For the first time he seemed to realize her, for a moment to leave the thing which consumed him, and put his mind upon her.
"You not happy--you not like me here?" he asked, simply; then added, quickly, "I am not bad man like me brudder--no."
Her eyes rested on him for a moment as though realizing him, while some thought was working in her mind behind.
"No, you are not a bad man," she said. "Men and women are equal on the plains. You have no fear--I have no fear."
He glanced at the rifles on the walls, then back at her. "My mudder, she was good woman. I am glad she did not lif to know what Fadette do." His eyes drank her in for a minute, then he said: "I go sleep now, t'ank you--till moontime."
In a moment his deep breathing filled the room, the only sound save for the fire within and the frost outside.
Time went on. The night deepened.
Loisette sat beside the fire, but her body was half-turned from it toward the man on the sofa. She was not agitated outwardly, but within there was that fire which burns up life and hope and all the things that come between us and great issues. It had burned up everything in her except one thought, one powerful motive. She had been deeply wronged, and justice had been about to give "an eye for an eye and a tooth for a tooth." But the man lying there had come to sweep away the scaffolding of justice--he had come for that.
Perhaps he might arrive at Askatoon before the stroke of the hour, but still he would be too late, for in her pocket now was the Governor's reprieve. The man had slept soundly. His wallet was still in his breast; but the reprieve was with her.
If he left without discovering his loss, and got well on his way, and discovered it then, it would be too late. If he returned--she only saw one step before her, she would wait for that, and deal with it when it came.
She was thinking of Lucy, of her own lover ruined and gone. She was calm in her madness.
At the first light of the moon she roused him. She had put food into his fur-coat pocket, and after he had drunk a bowl of hot pea-soup, while she told him his course again, she opened the door, and he pa.s.sed out into the night. He started forward without a word, but came back again and caught her hand.
"_Pardon_," he said; "I go forget everyt'ing except _dat_. But I t'ink what you do for me, it is better than all my life. _Bien sur_, I will come again, when I get my mind to myself. Ah, but you are beautibul," he said, "an' you not happy. Well, I come again--yes, _a Dieu._"
He was gone into the night, with the moon silvering the sky, and the steely frost eating into the sentient life of this northern world. Inside the house, with the bearskin blind dropped at the window again, and the fire blazing high, Loisette sat with the Governor's reprieve in her hand.
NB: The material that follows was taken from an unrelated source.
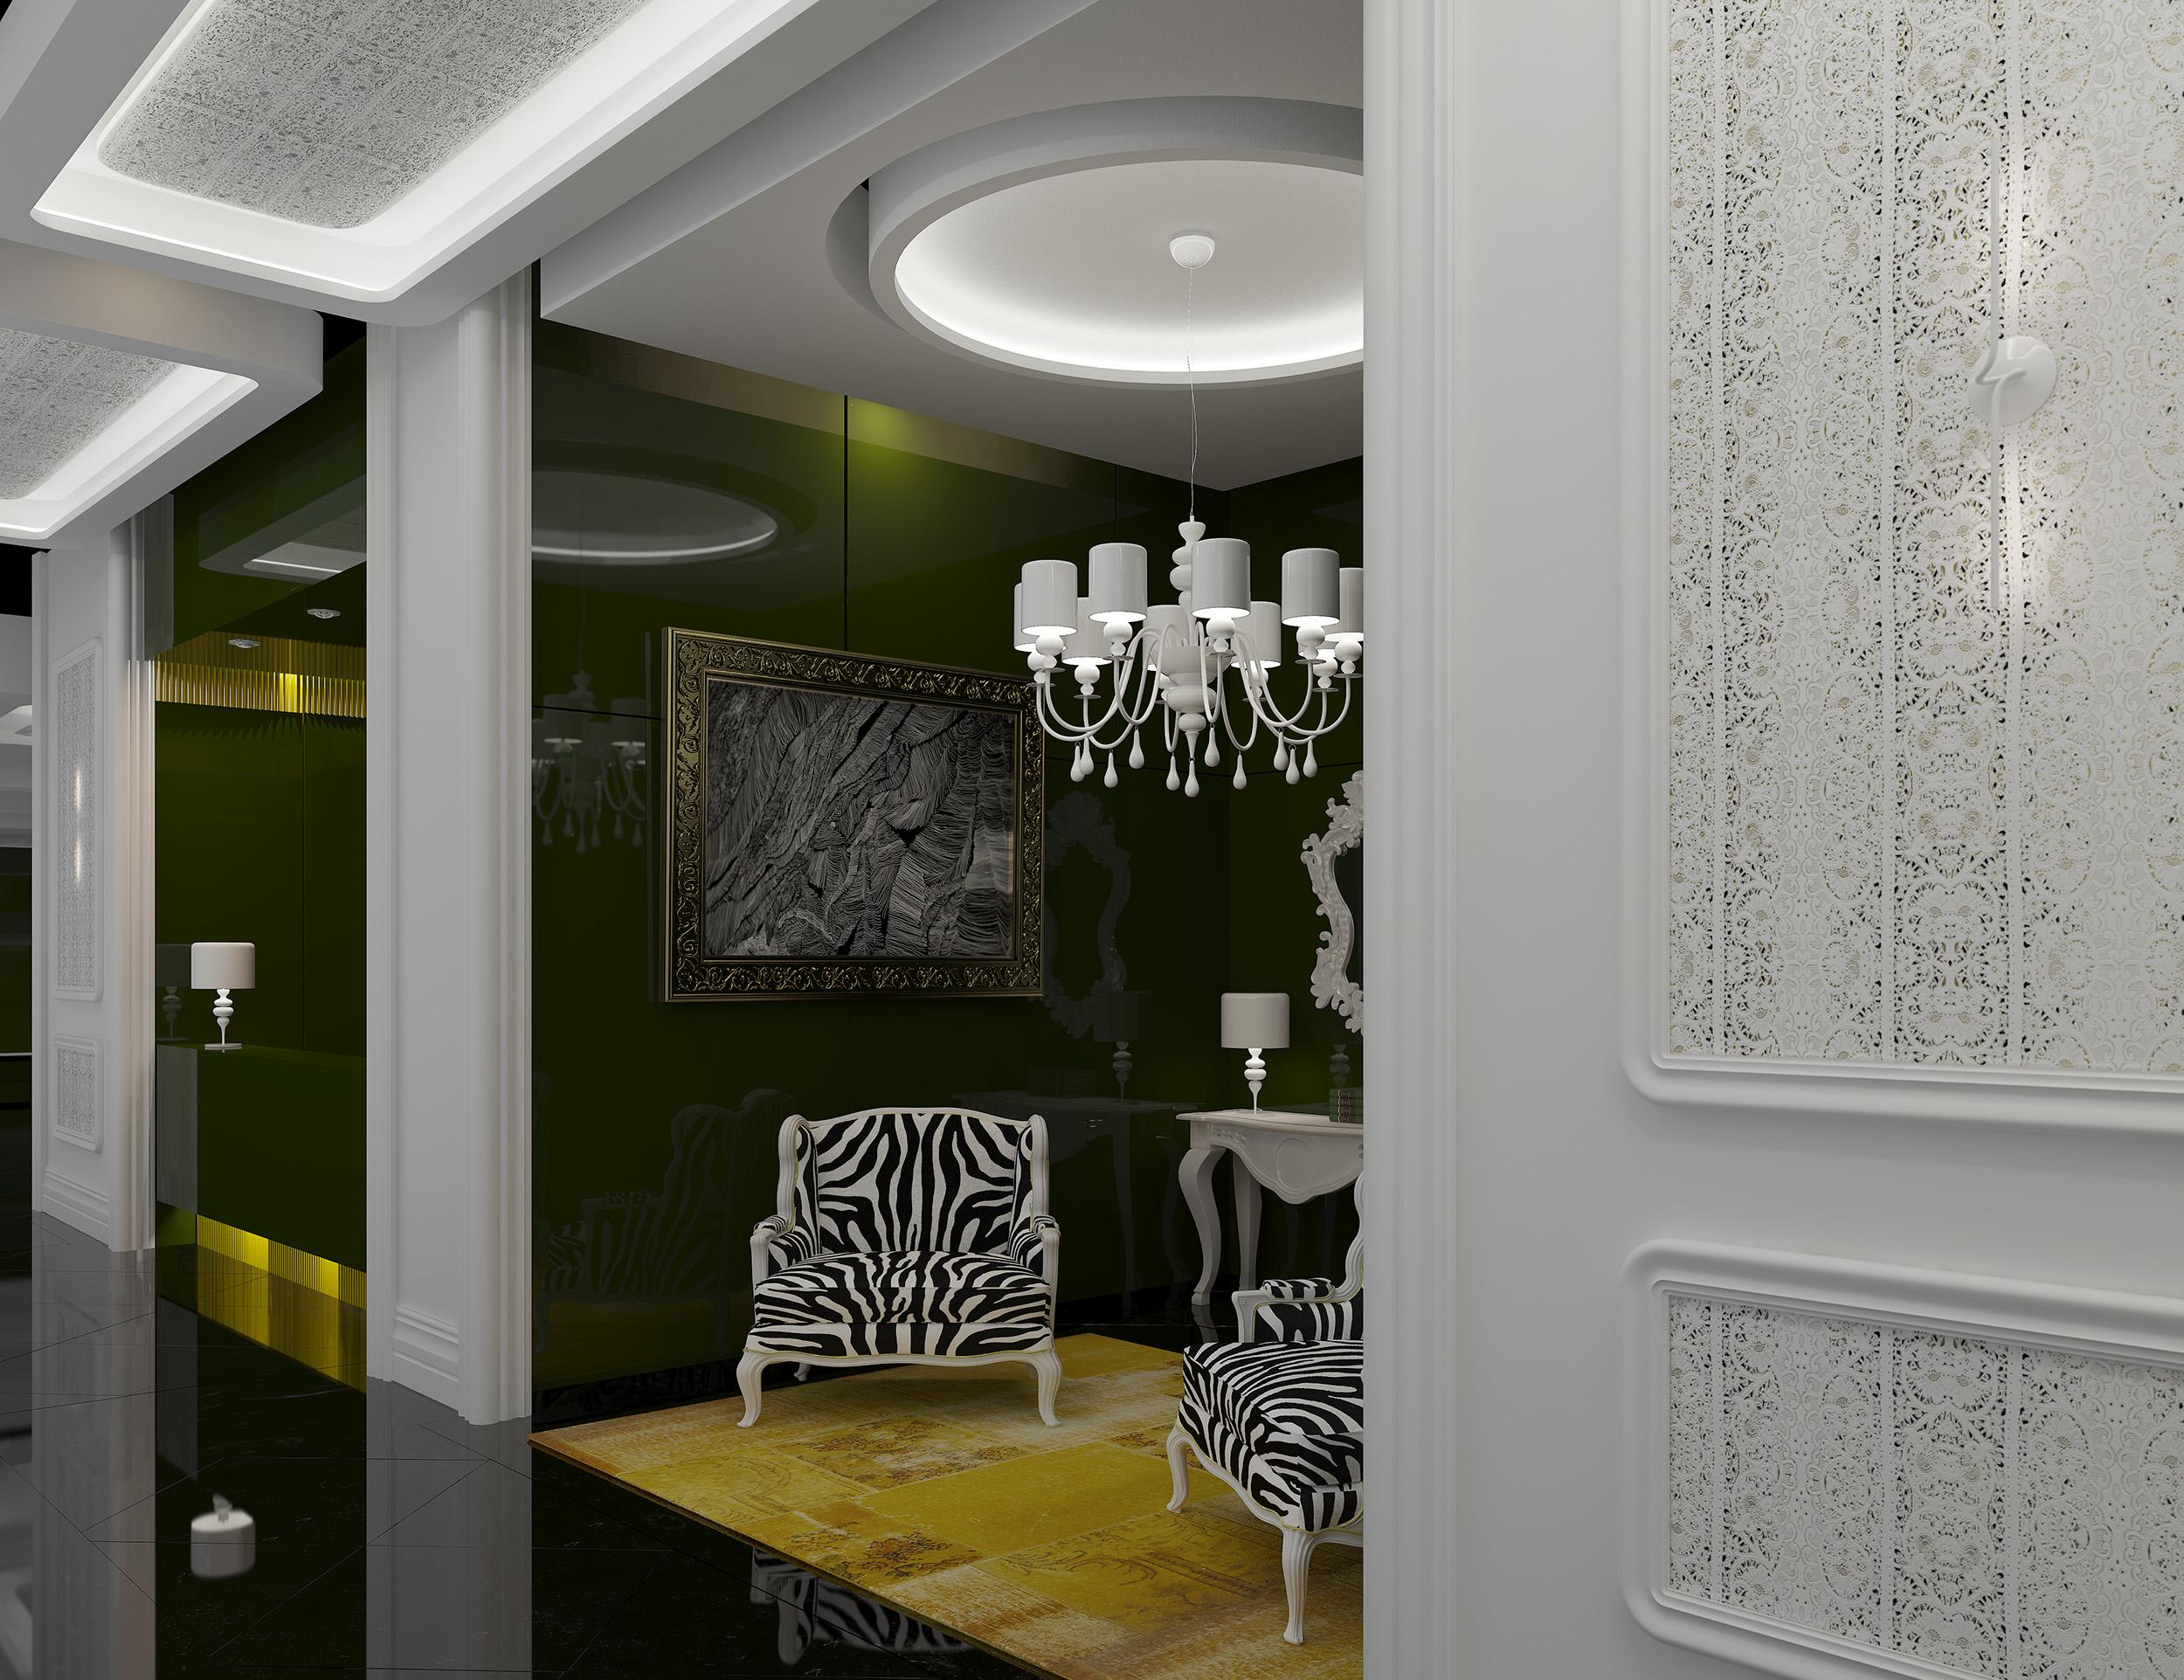 misterestudio-presidential lounge hotel ethiopia Recepcion

Looking at it, she wondered why it had been given to Ba'tiste Caron and not to a police-officer. Ah yes, it was plain--Ba'tiste was a woodsman and plainsman, and could go far more safely than a constable, and faster.
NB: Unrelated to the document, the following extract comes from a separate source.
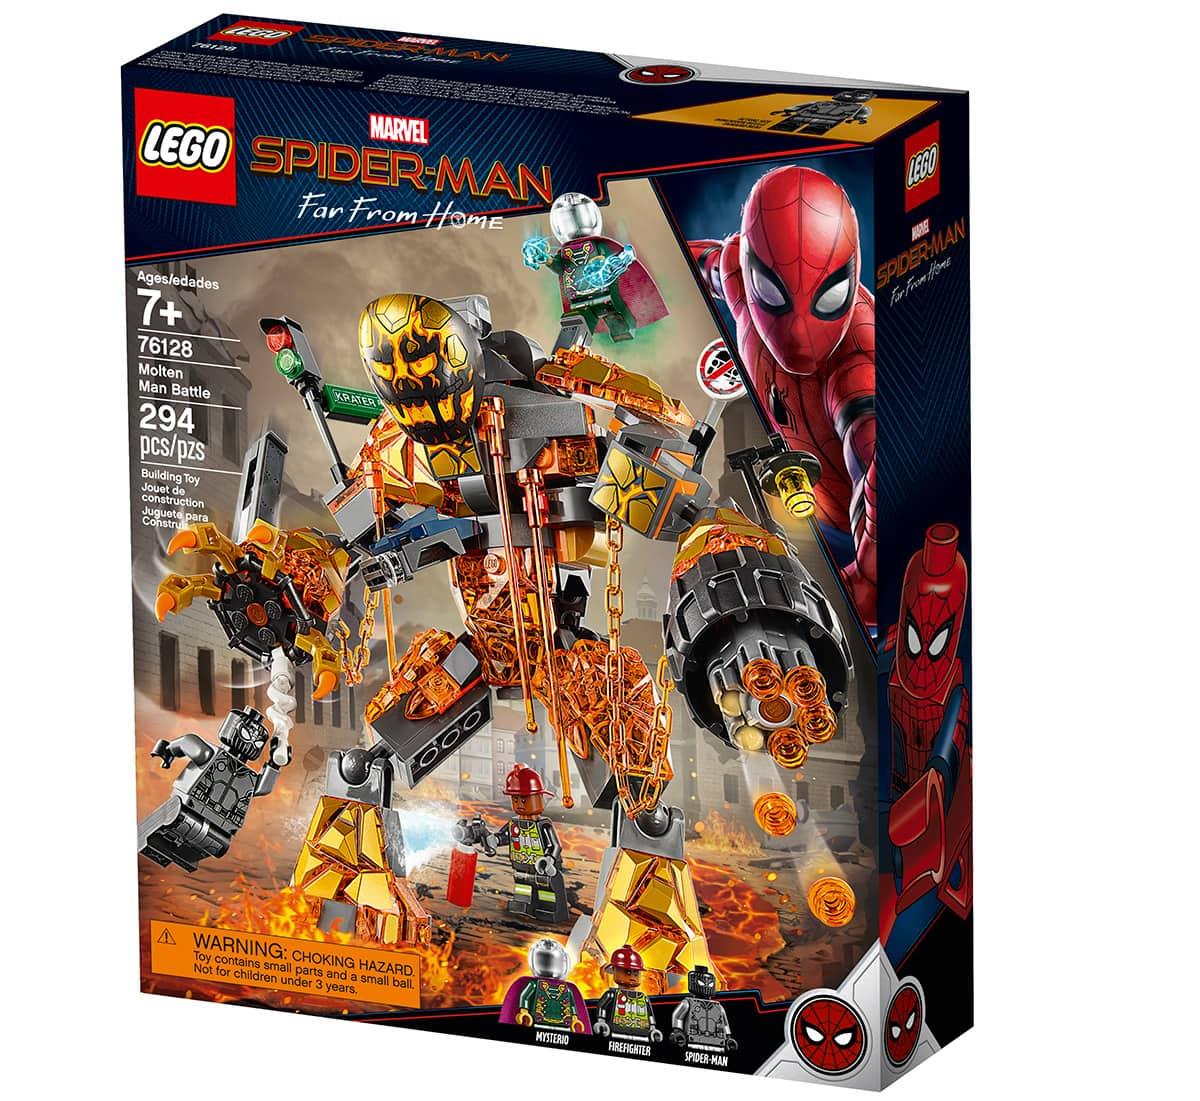 LEGO Spider-Man Far From Home Molten Man Battle 76128

Ba'tiste had reason for going fast, and he would travel night and day--he was travelling night and day indeed. And now Ba'tiste might get there, but the reprieve would not. He would not be able to stop the hanging of Haman--the hanging of Rube Haman.
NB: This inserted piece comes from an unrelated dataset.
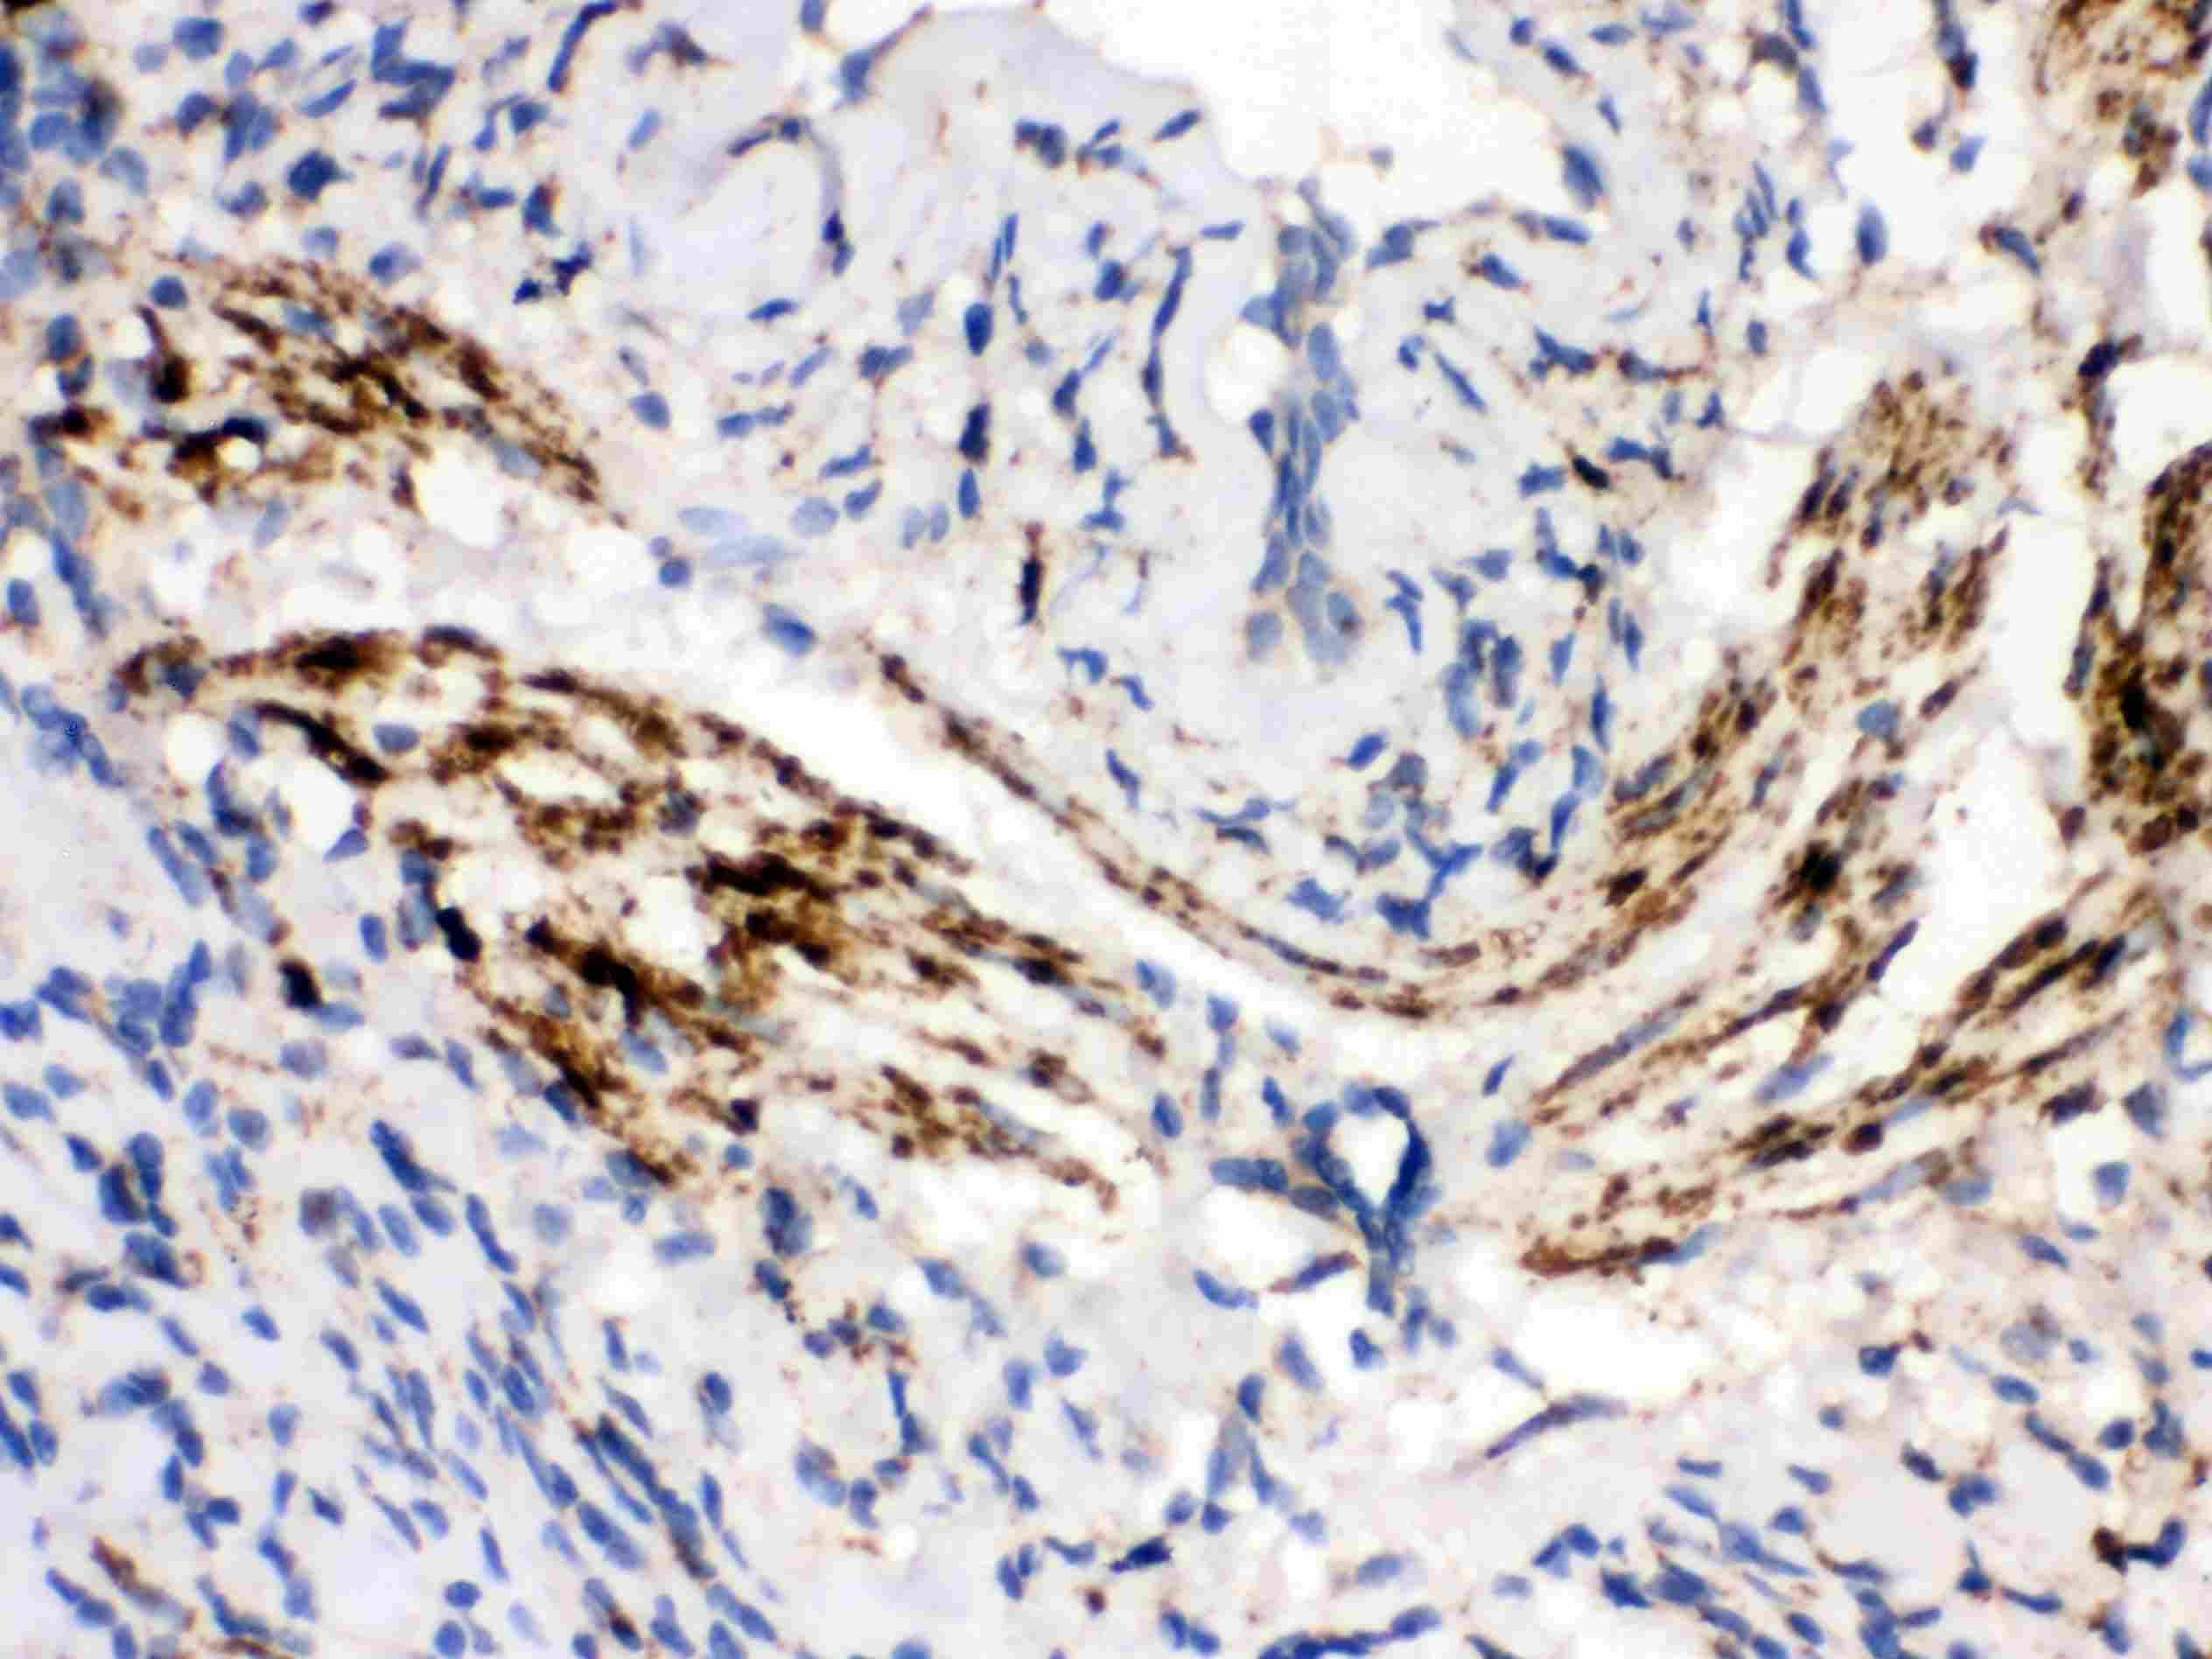 MAOB Antibody in Immunohistochemistry (Paraffin) (IHC (P))

A change came over her. Her eyes blazed, her breast heaved now. She had been so quiet, so cold and still. But life seemed moving in her once again. The woman, Kate Wimper, who had helped to send two people to their graves, would now drink the dregs of shame, if she was capable of shame--would be robbed of her happiness, if so be she loved Rube Haman.
She stood up, as though to put the paper in the fire, but paused suddenly at one thought--_Rube Haman was innocent of murder._
Even so, he was not innocent of Lucy's misery and death, or the death of the little one who only opened its eyes to the light for an instant, and then went into the dark again. But truly she was justified! When Haman was gone things would go on just the same--and she had been so bitter, her heart had been pierced as with a knife these past three years. Again she held out her hand to the fire, but suddenly she gave a little cry and put her hand to her head. There was Ba'tiste!